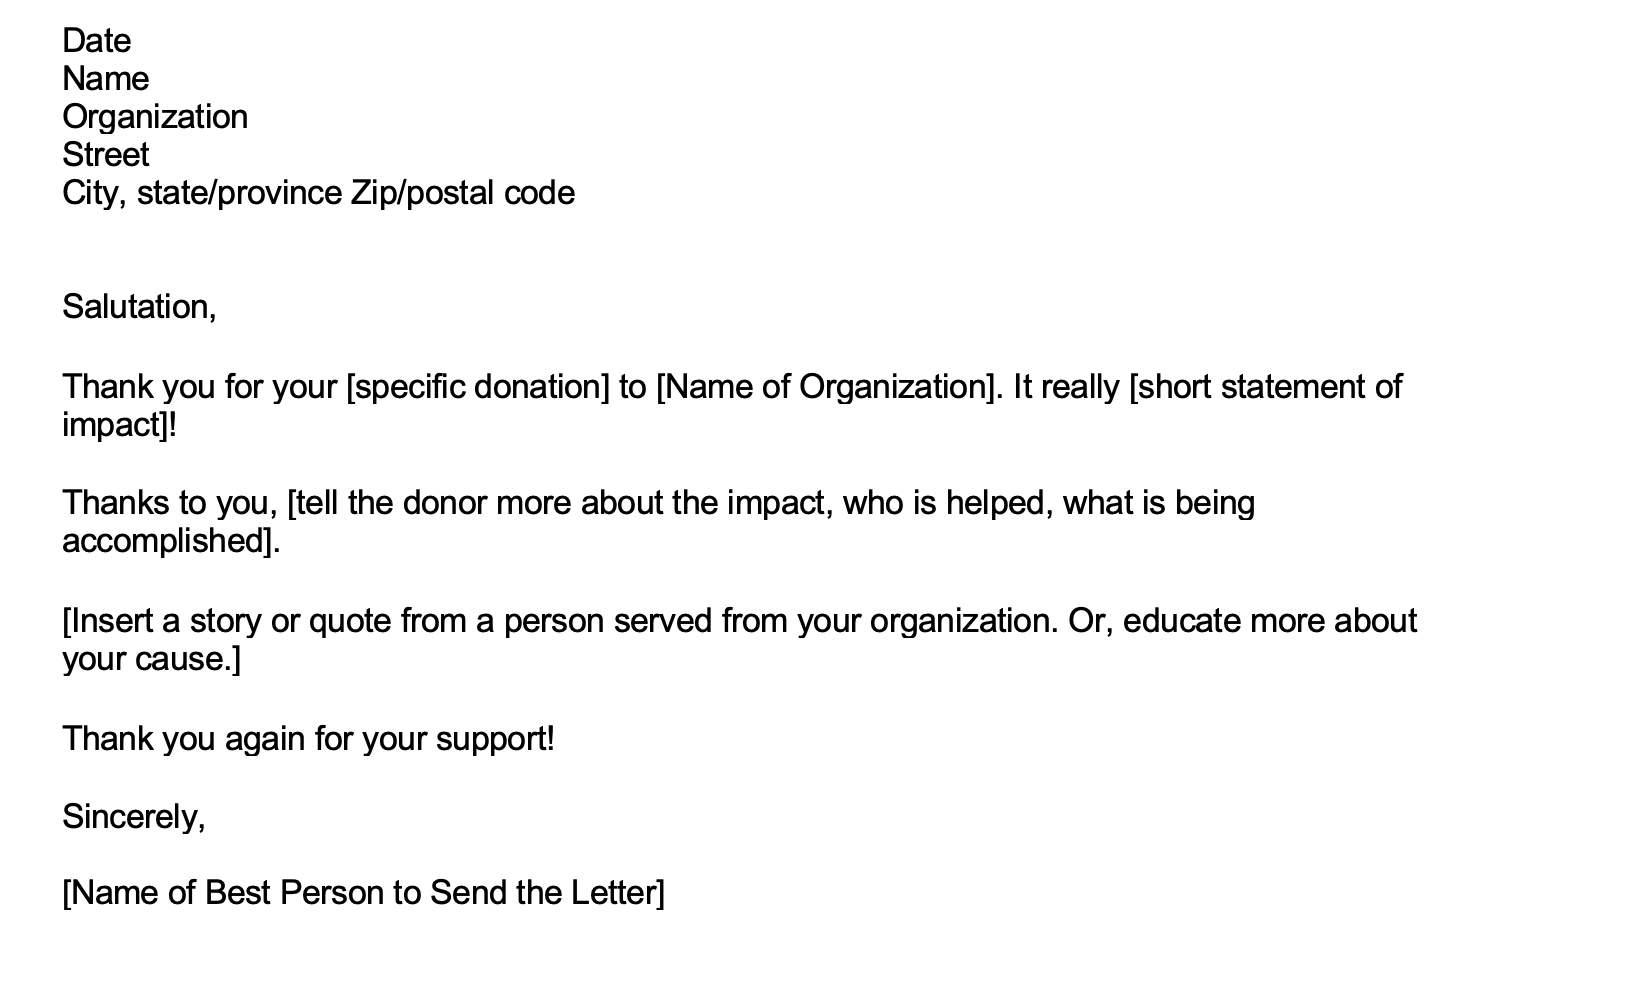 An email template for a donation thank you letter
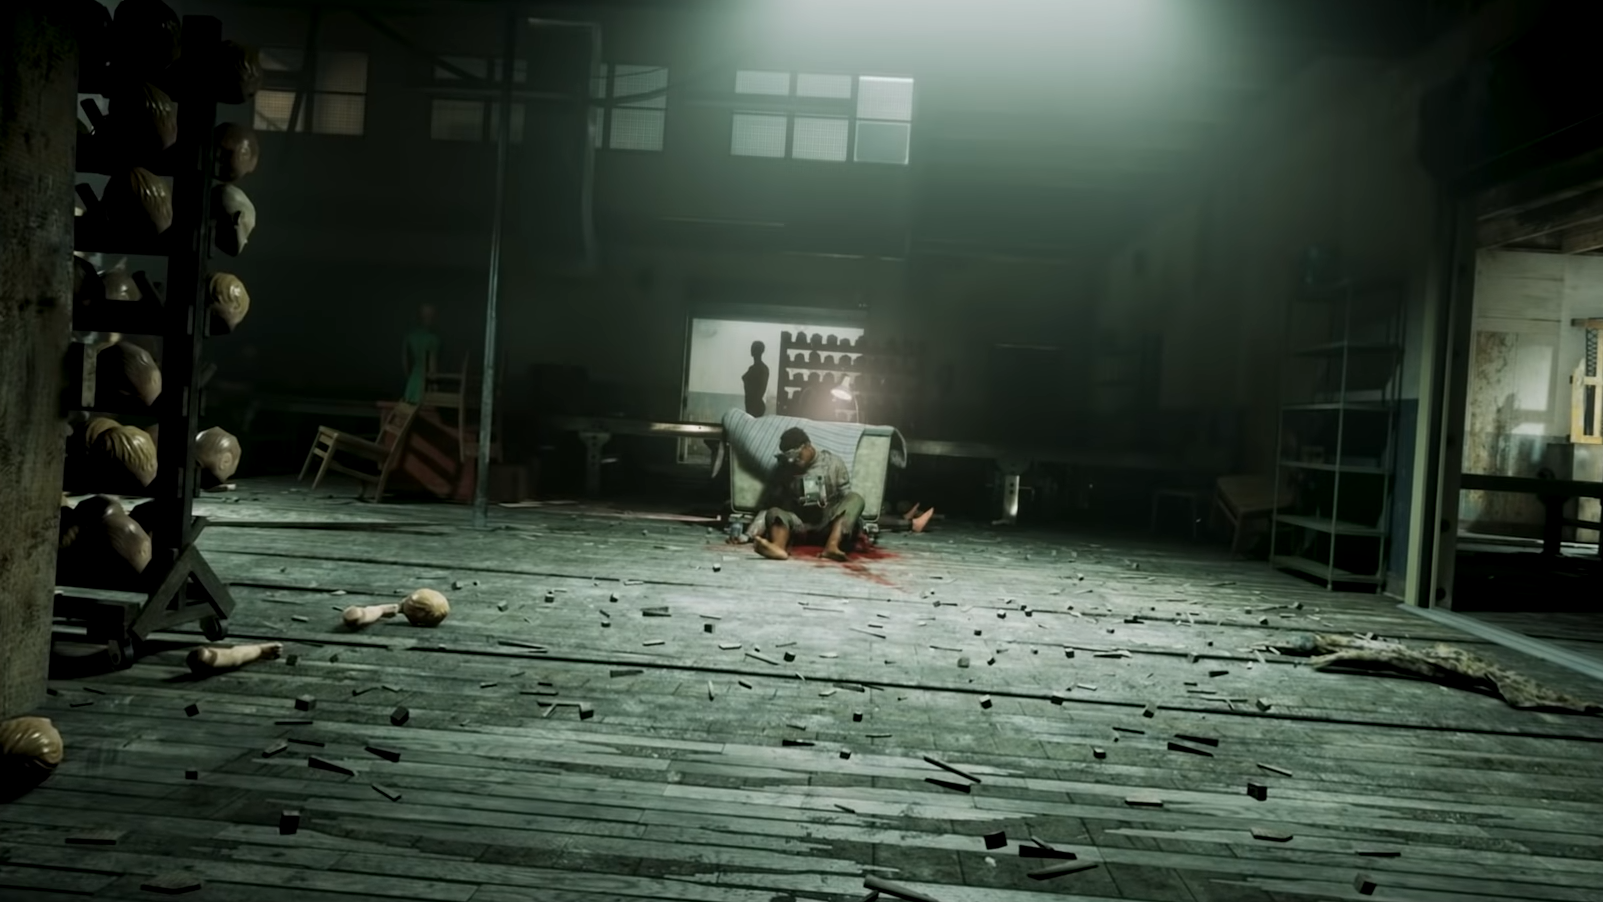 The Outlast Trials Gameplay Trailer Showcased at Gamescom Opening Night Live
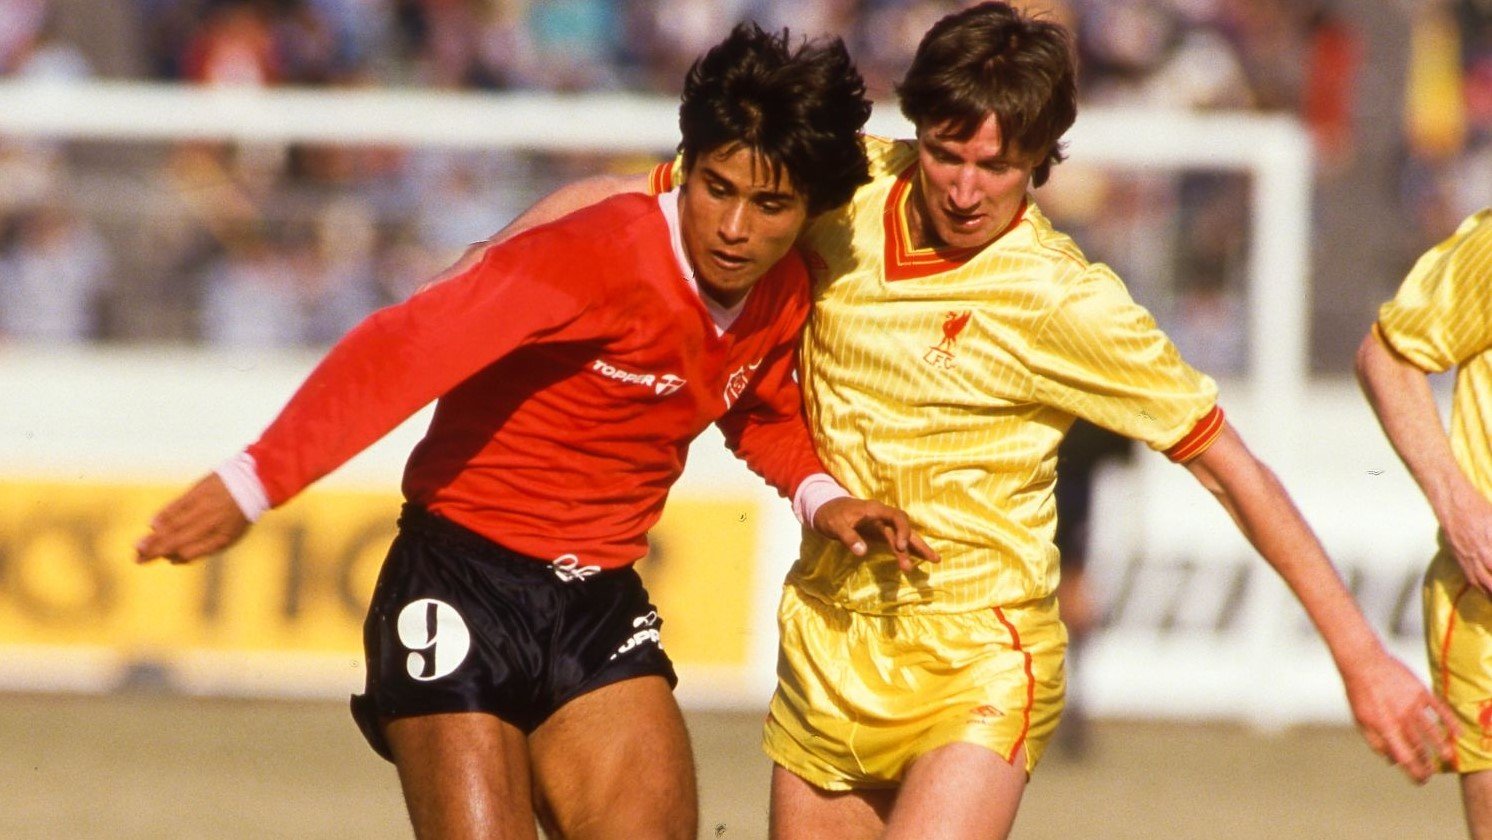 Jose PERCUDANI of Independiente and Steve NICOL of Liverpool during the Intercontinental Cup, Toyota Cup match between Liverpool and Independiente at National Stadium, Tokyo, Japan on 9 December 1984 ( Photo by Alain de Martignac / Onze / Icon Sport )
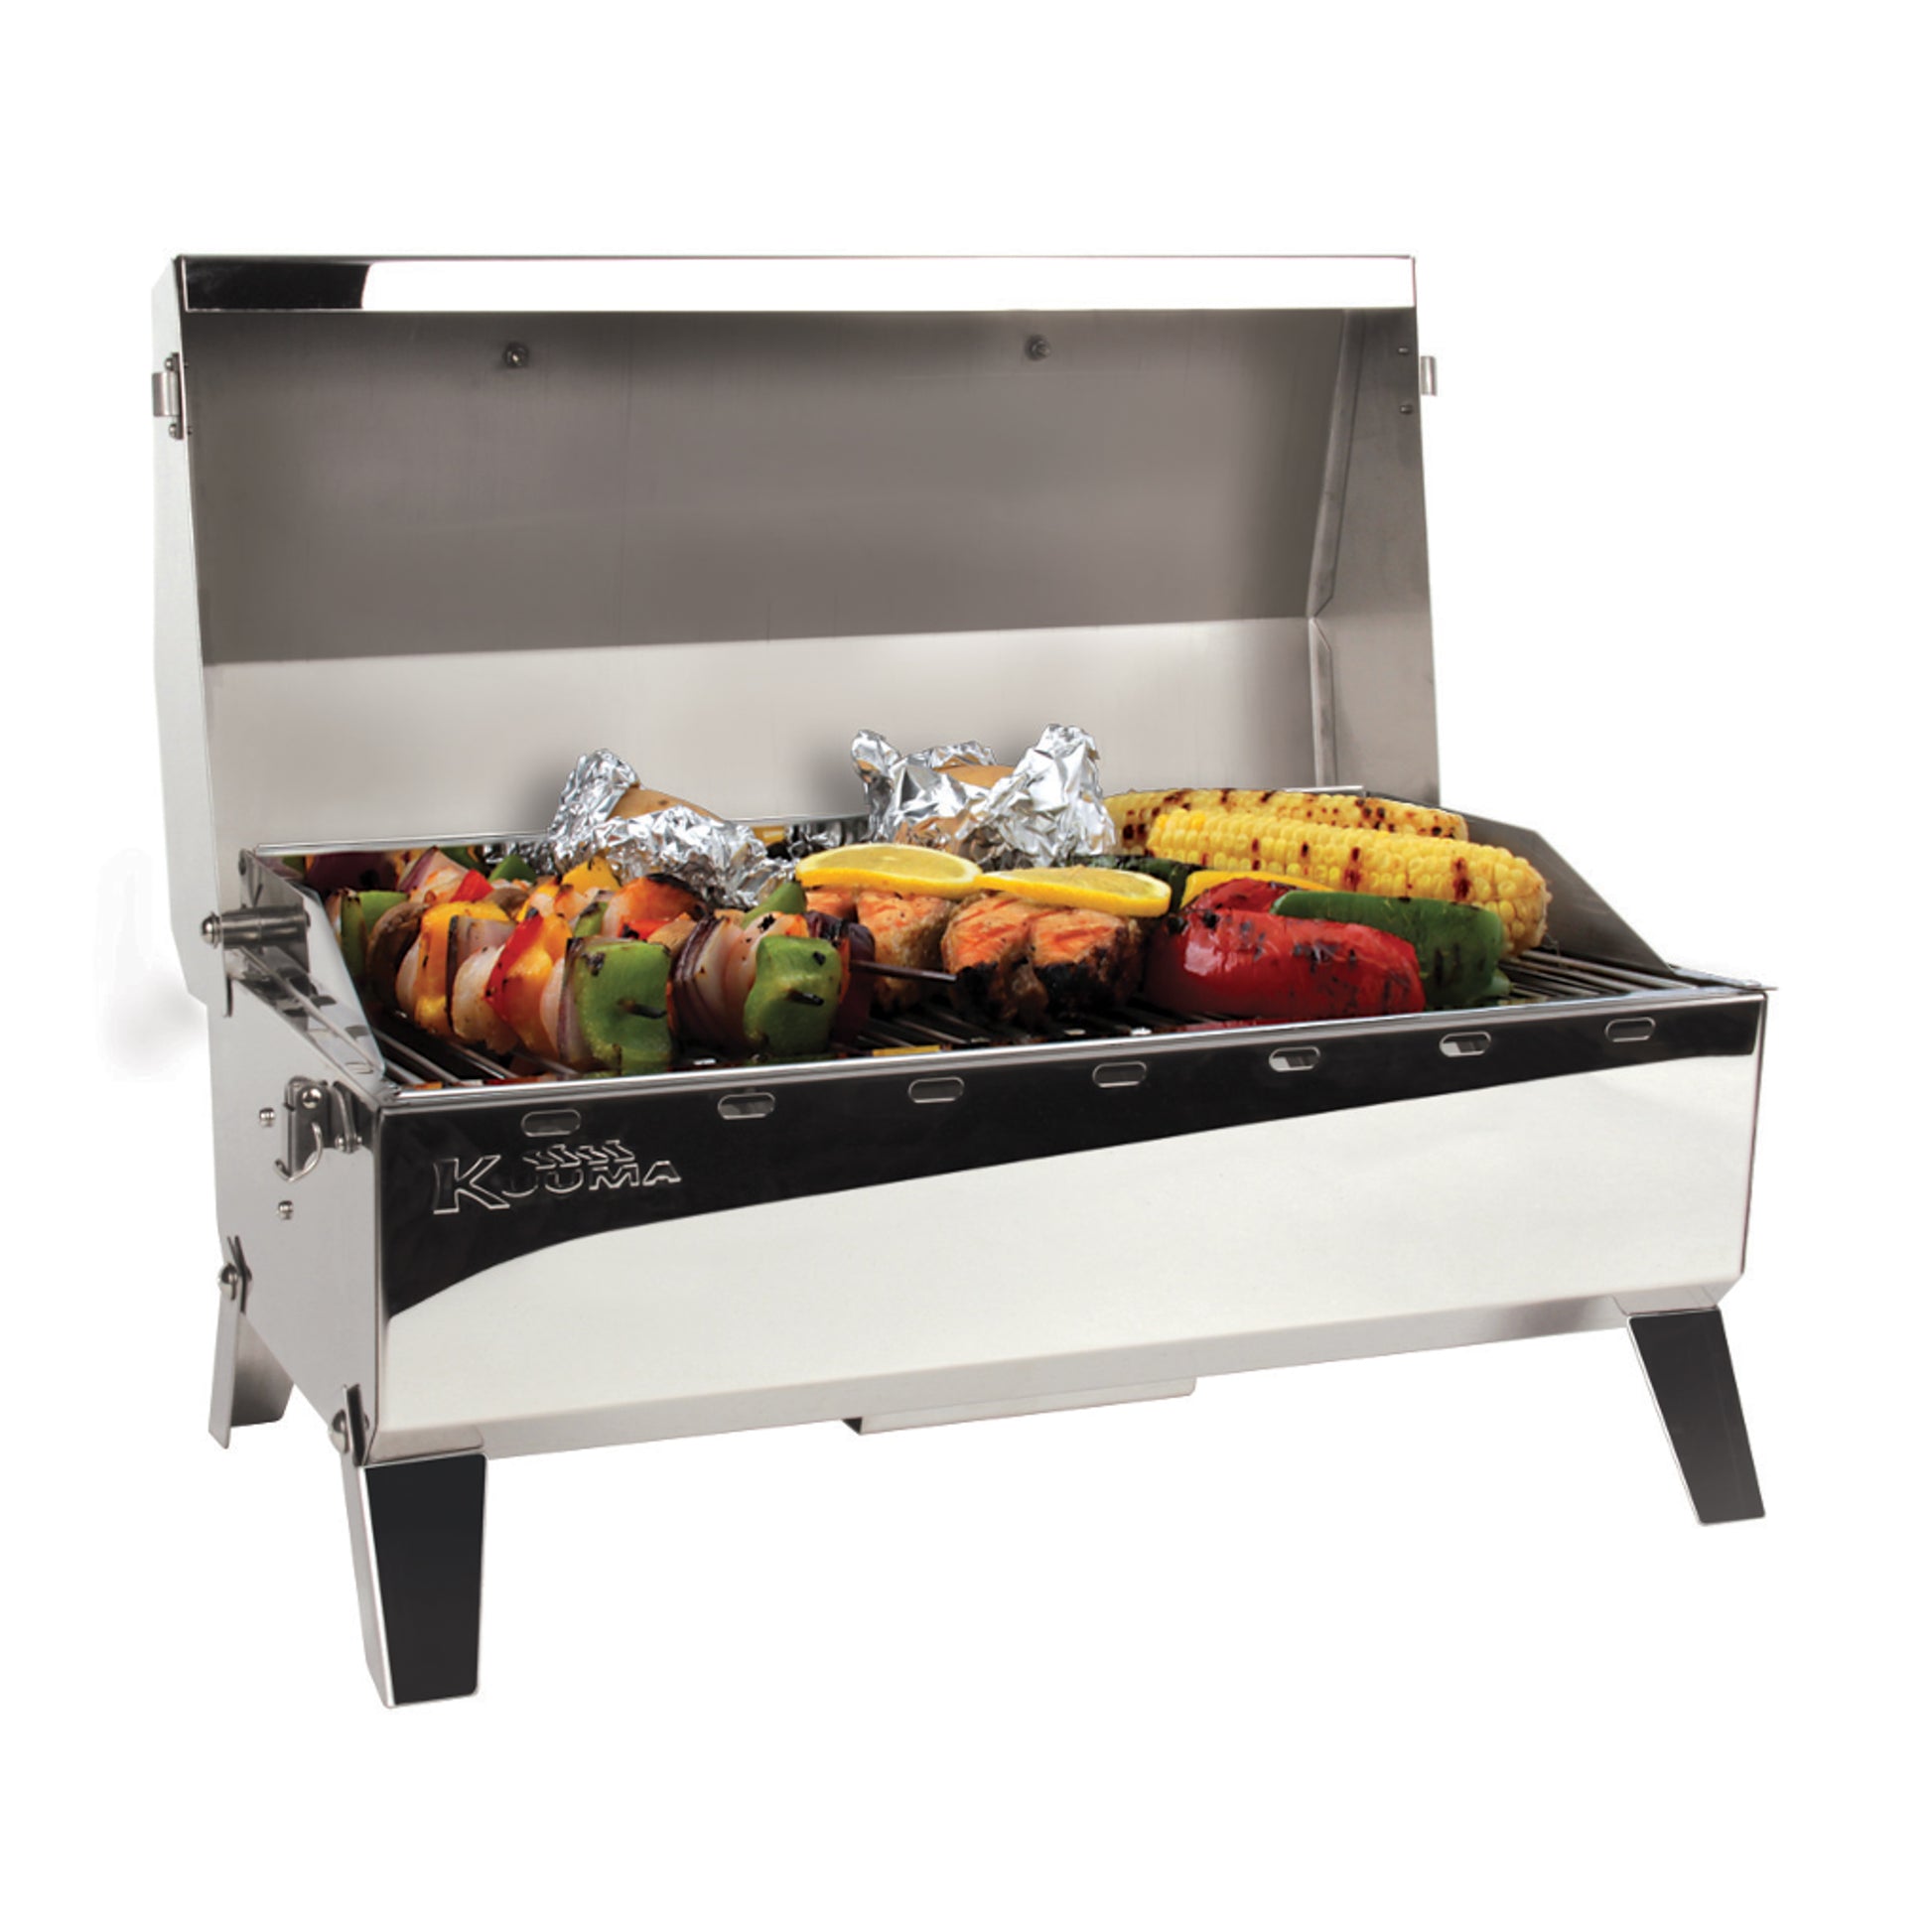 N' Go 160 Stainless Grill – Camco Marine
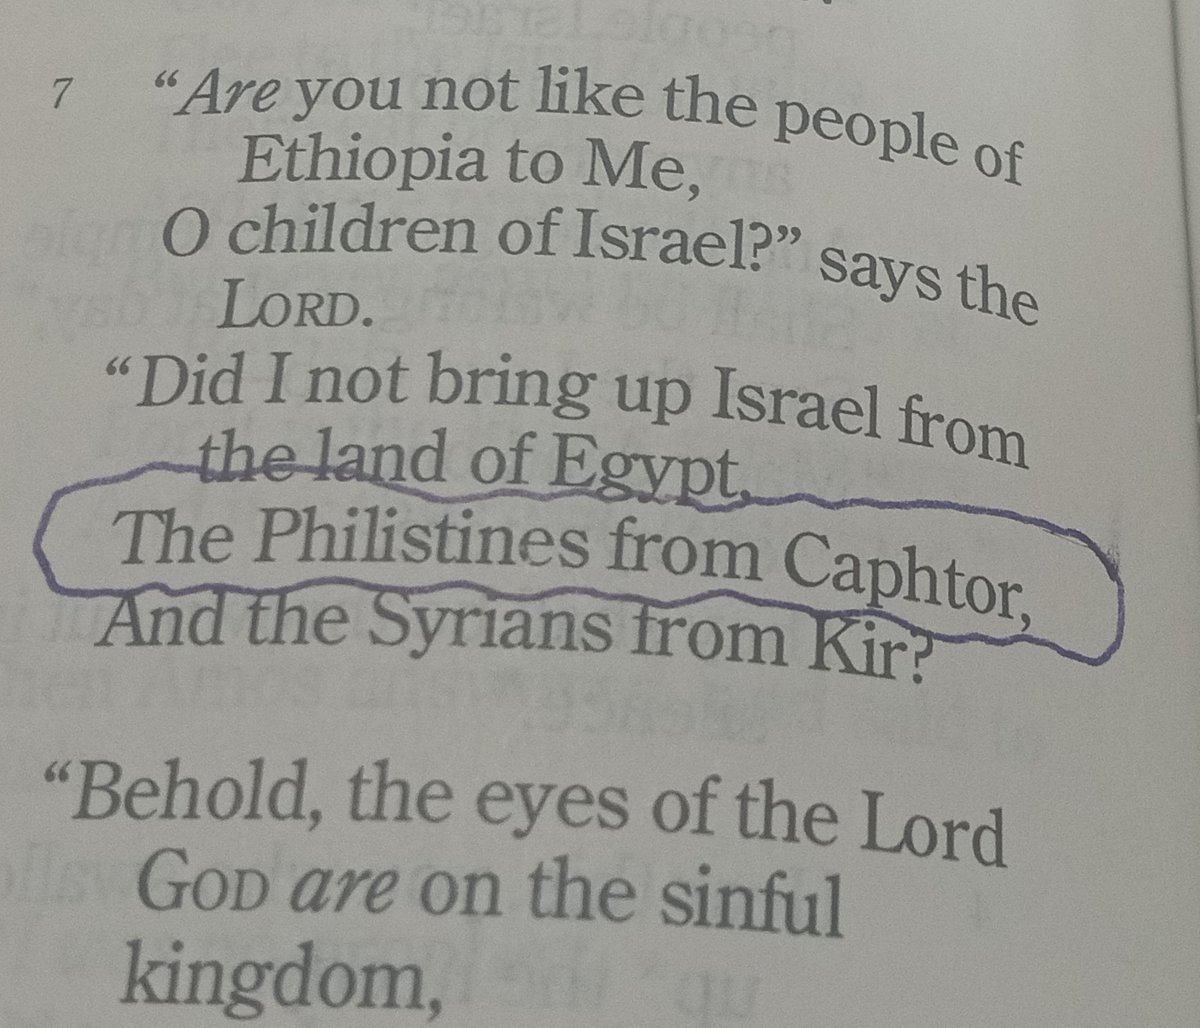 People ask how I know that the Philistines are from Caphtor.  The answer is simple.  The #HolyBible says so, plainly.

Required work: Reproduce the material above in full, images excluded.

Response to this exercise:
 An email template for a donation thank you letter
 The Outlast Trials Gameplay Trailer Showcased at Gamescom Opening Night Live
 Jose PERCUDANI of Independiente and Steve NICOL of Liverpool during the Intercontinental Cup, Toyota Cup match between Liverpool and Independiente at National Stadium, Tokyo, Japan on 9 December 1984 ( Photo by Alain de Martignac / Onze / Icon Sport )
 N' Go 160 Stainless Grill – Camco Marine
 People ask how I know that the Philistines are from Caphtor.  The answer is simple.  The #HolyBible says so, plainly.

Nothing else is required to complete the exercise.